79      En troisième lieu, dans la réplique, la requérante prétend que, en soutenant que son renvoi à la requête introduite par son mari dans l’affaire T‑270/22 est irrecevable, le Conseil ferait preuve d’un comportement abusif et constitutif d’une discrimination fondée sur le sexe. Elle allègue qu’il ne fait aucun doute que, si elle avait cherché à se renseigner auprès de son mari et à faire siens les arguments de ce dernier, plutôt que d’annexer la requête de son mari, le Conseil y aurait vu une preuve de sa prétendue association avec son mari. Elle ajoute que le Conseil afficherait un certain mépris pour son identité, puisque ce dernier va jusqu’à utiliser, dans son mémoire en défense dans la présente affaire, des parties de sa défense dans l’affaire T‑270/22 relative à son mari, sans même adapter les arguments empruntés à la personnalité et au sexe de la requérante.

80      À cet égard, il suffit de constater que, par son argumentation, la requérante vise à critiquer le comportement du Conseil dans le cadre de la présente instance et non la légalité des actes attaqués. Dès lors, cette argumentation doit être écartée comme étant inopérante aux fins d’apprécier la légalité desdits actes.

81      Enfin, en quatrième lieu, la requérante prétend que, compte tenu du caractère très basique et générique des pièces justificatives contenues dans le dossier WK, les actes attaqués seraient insuffisamment motivés. Par ailleurs, elle ajoute que le Conseil n’a manifestement pas identifié les raisons individuelles, spécifiques et concrètes justifiant l’imposition de mesures restrictives à son égard.

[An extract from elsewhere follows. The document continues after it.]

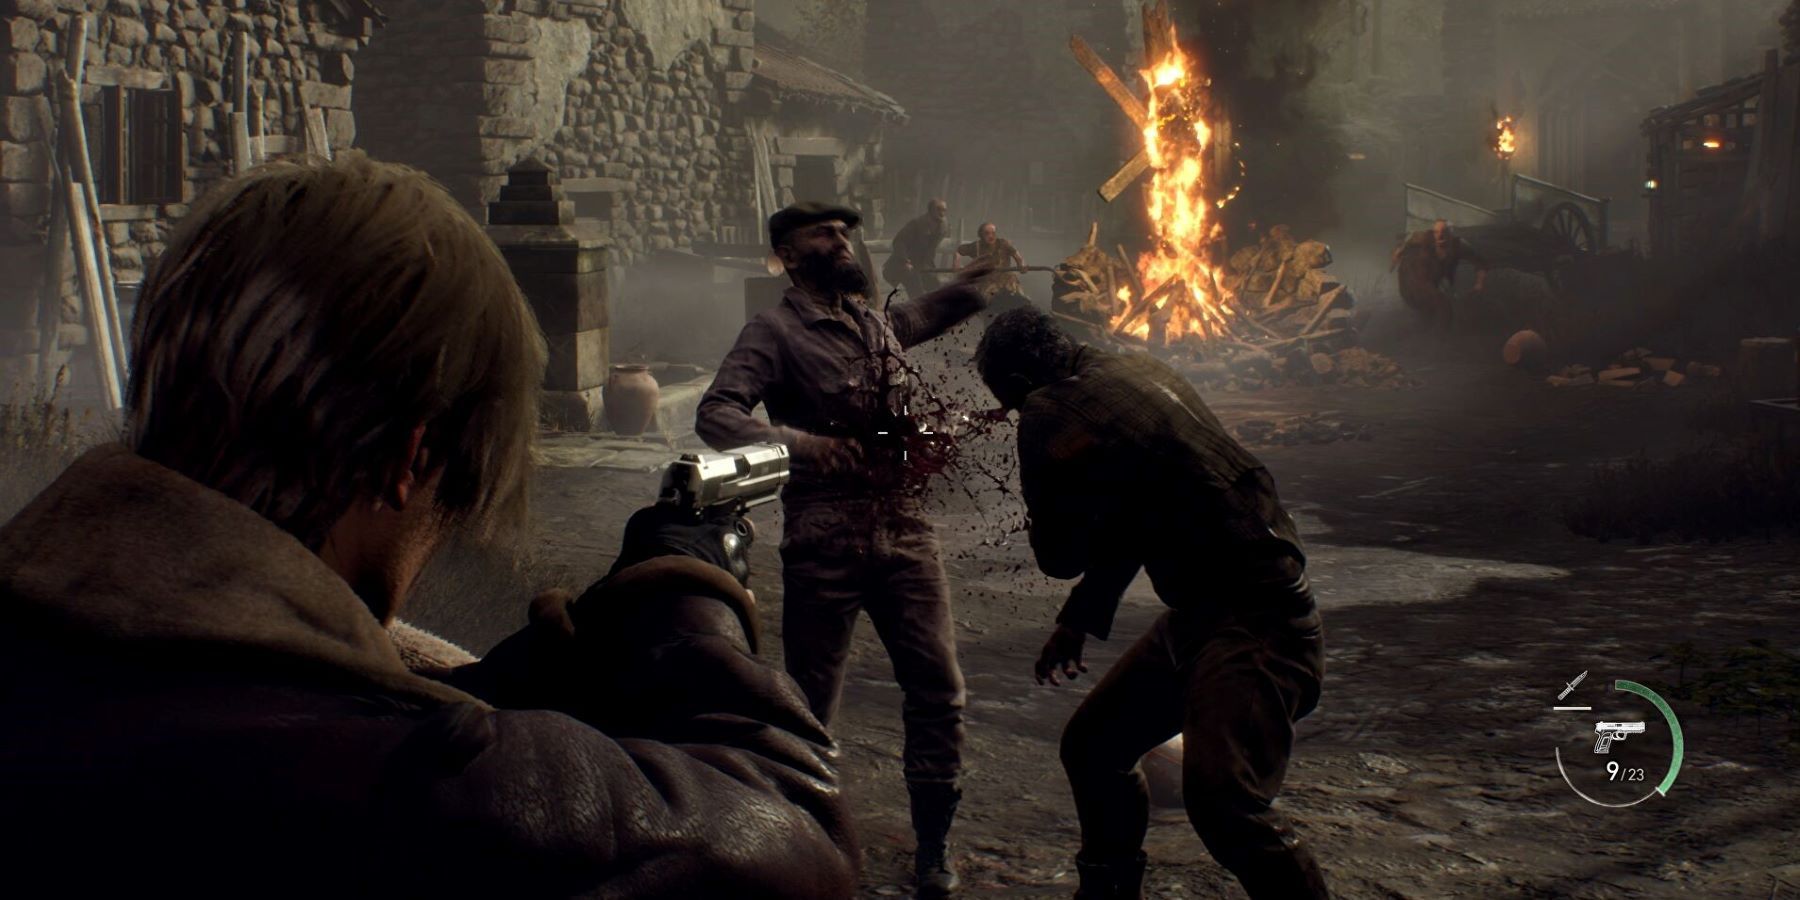 Combat gameplay in the Resident Evil 4 remake

82      À cet égard, il ressort du point 40 ci-dessus, que les éléments de preuve retenus par le Conseil pour inscrire le nom de la requérante sur les listes en cause présentent un caractère sensé et fiable. En outre, contrairement à ce que fait valoir la requérante, il convient de constater que les raisons spécifiques et concrètes ayant conduit le Conseil à procéder à l’inscription du nom de la requérante sur les listes en cause, sont indiquées de manière suffisamment claire pour lui permettre de les comprendre. Cela est d’ailleurs pleinement confirmé par les moyens et les arguments soulevés par la requérante dans ses écritures dont il ressort, d’une part, qu’elle a été mise en mesure de connaître les justifications des mesures prises à son égard afin de pouvoir les contester utilement devant le juge de l’Union européenne et, d’autre part, que le contexte dans lequel s’inscrivent ces mesures était connu par elle.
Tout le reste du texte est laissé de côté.